When talking about franchise relationship laws, these are discussions of post-sales franchisor-franchisee regulation as opposed to pre-sales disclosure regulation. Of these relationship laws, the International Franchise Association makes a point that States (see chart) should NOT mess with a contract that two consulting adults have signed. But many states and franchisee groups do not see it this way. They think that there have to be limits, even with consulting adults. Many states already have these post-sale franchise laws. And each state has their own law.

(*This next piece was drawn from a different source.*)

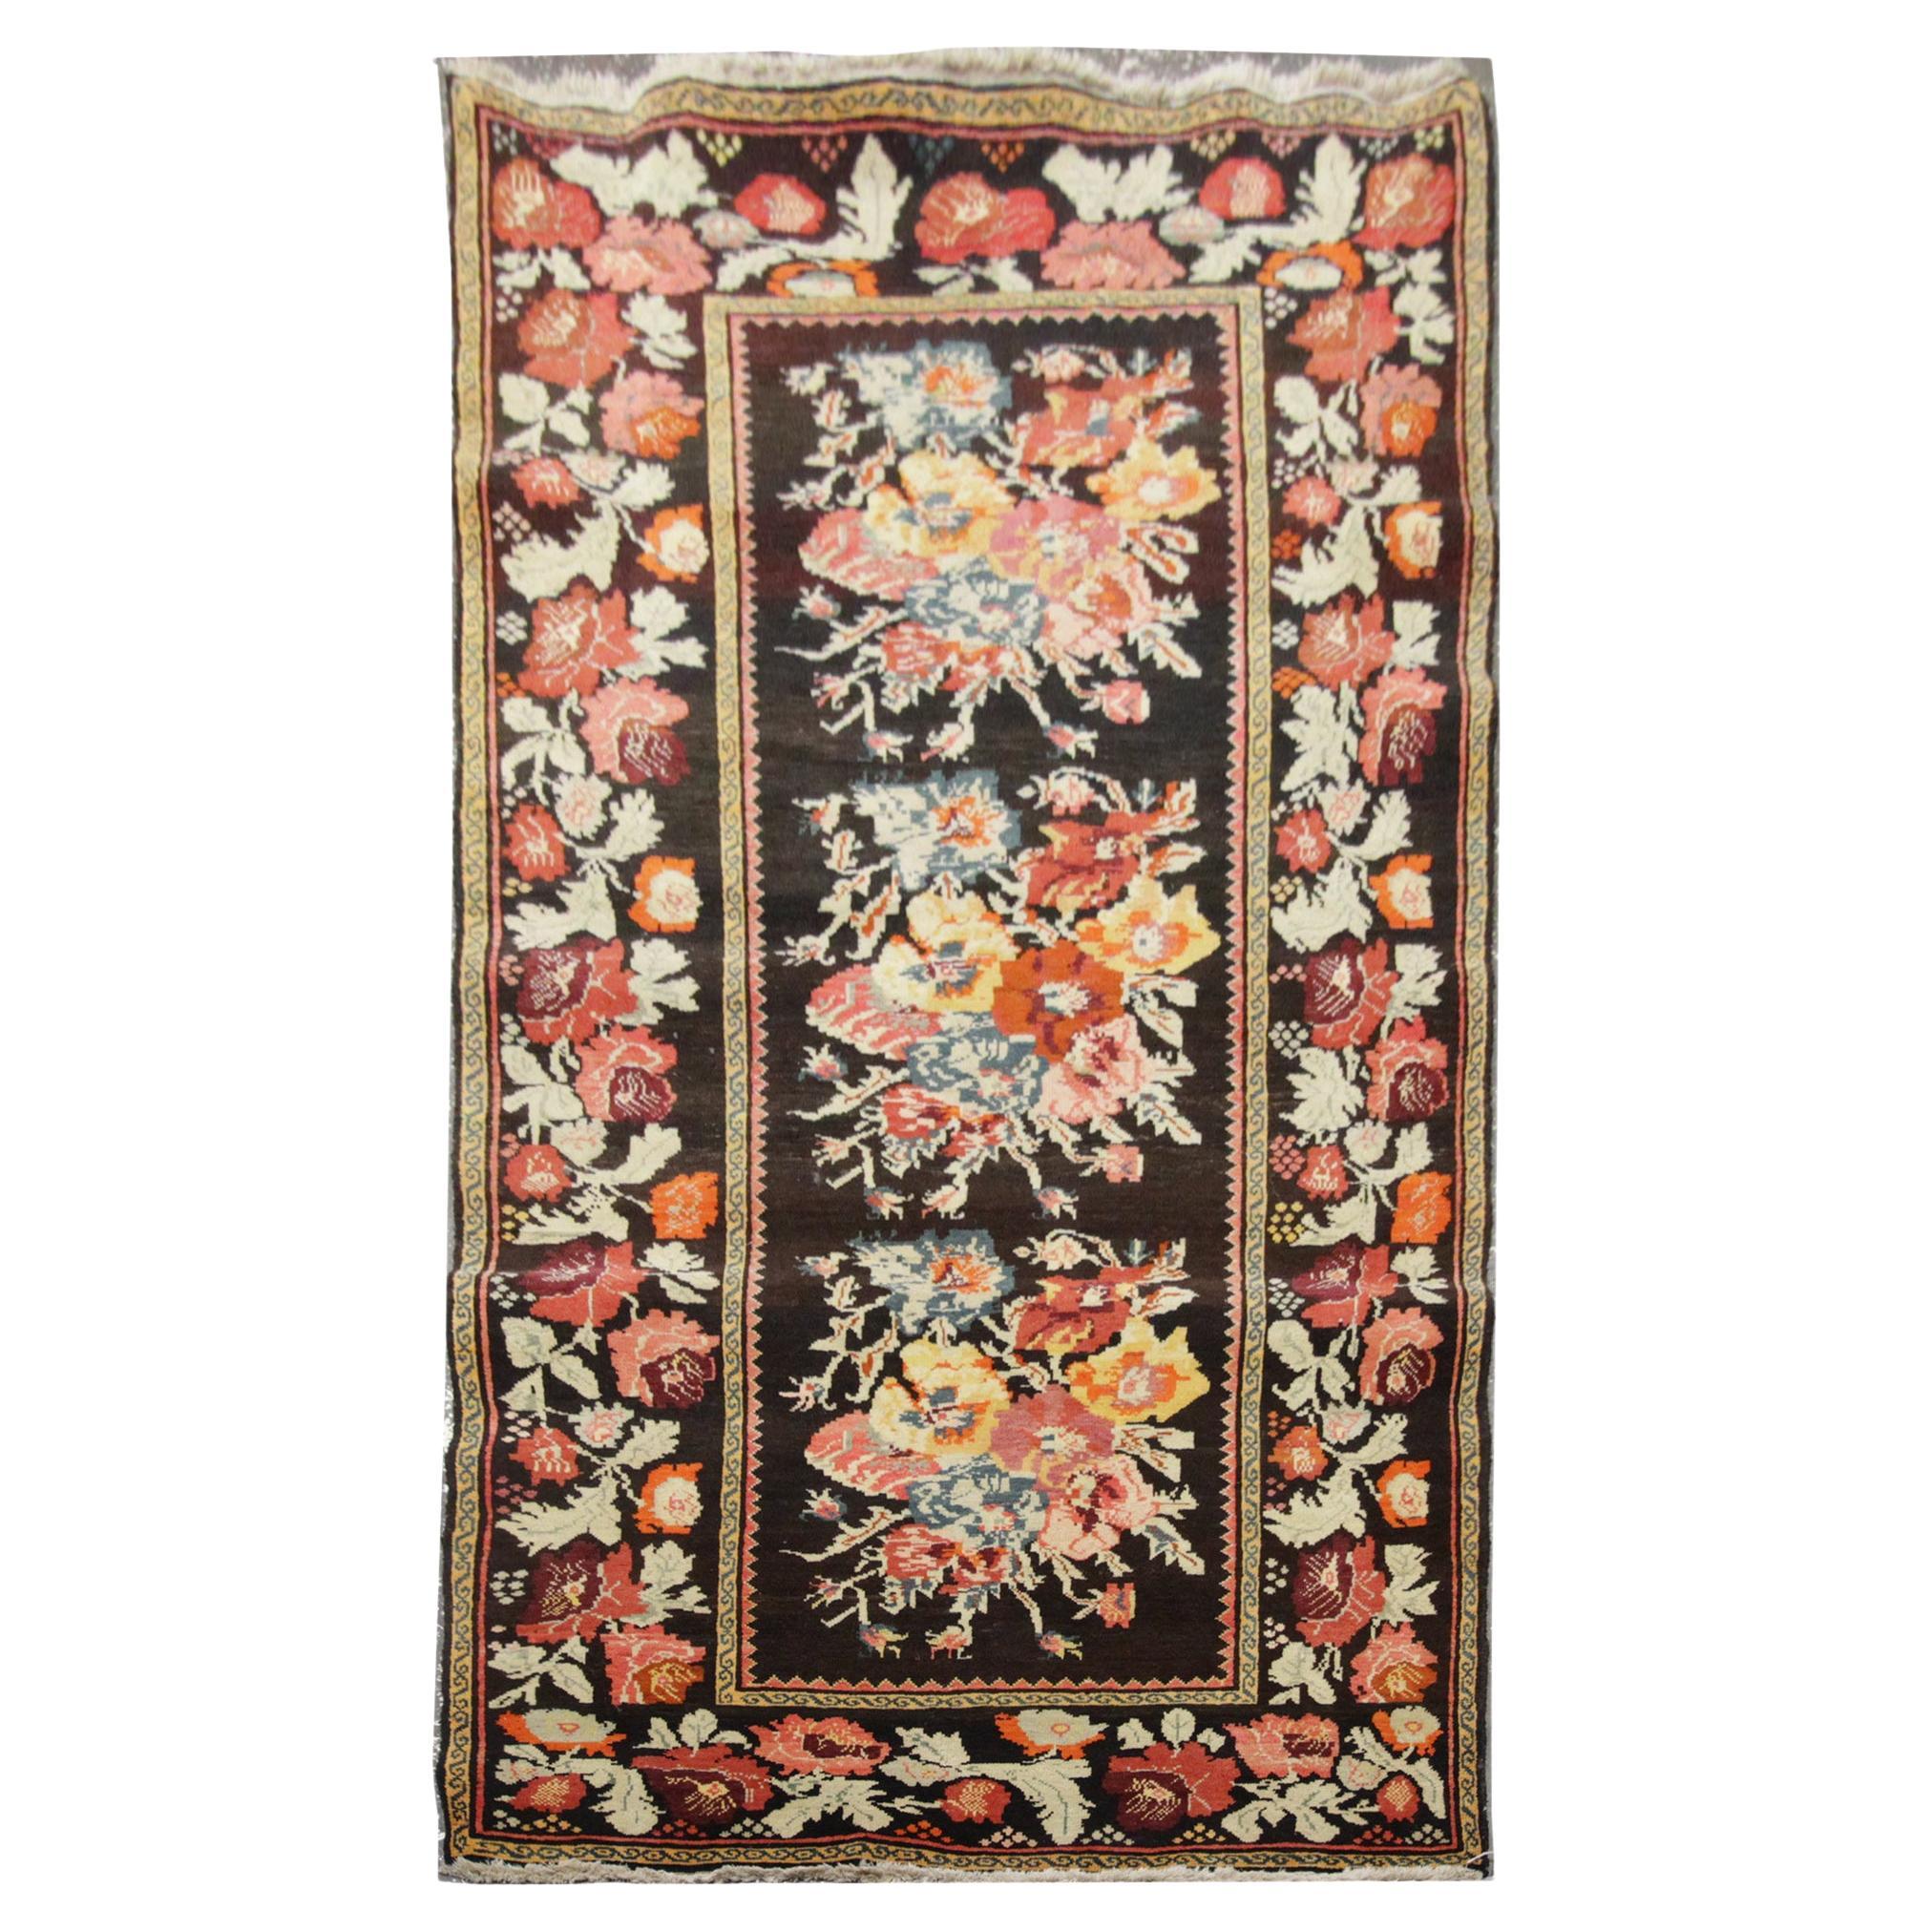 Antique Caucasian Karabagh Handmade Carpet Oriental Rug, Floral Area Rugs CHR64

Franchise attorneys, feel free to chime in. There's confusion on this issue with seasoned franchise sellers.

Related reading:

Paul Steinberg's picture

BigLaw view of CA bill

Fox Rothschild, a large law firm representing franchisors, calls the proposed legislation:

perhaps the most aggressive legislative effort to date to constrain franchisors’ contractual rights and remedies

michael webster's picture

State Strategy

The strategy of approaching states, where for various reasons, support for franchisees is strong is a good idea. Much better than hanging around Washington when your PAC might buy you lunch.  It would make rational sense for the states to be targetted based upon the franchisee associations home location.  

Each association could serve as the coordinator for the state legislation efforts.  We still aren't seeing a coordinated effort to collate, if you will, the legal results of Fair Franchise Legislation.  I think that this is a mistake.

Finally, there may be a  clear benefit to Independent Franchisee Associations:

"This bill would also make it unlawful for a franchisor to refuse to recognize and deal fairly and in good faith with an independent franchisee association".

I am unclear what the standard for "refusal to recognize" means, but there may be content to the latter part of the conjunct.  I am not sure what it is, the problem it addresses or whether it will work.

On a personal note, I see that this Bill introduces a number of new remedies for franchisees and yet makes arbitration of those remedies mandatory.  That is a shame.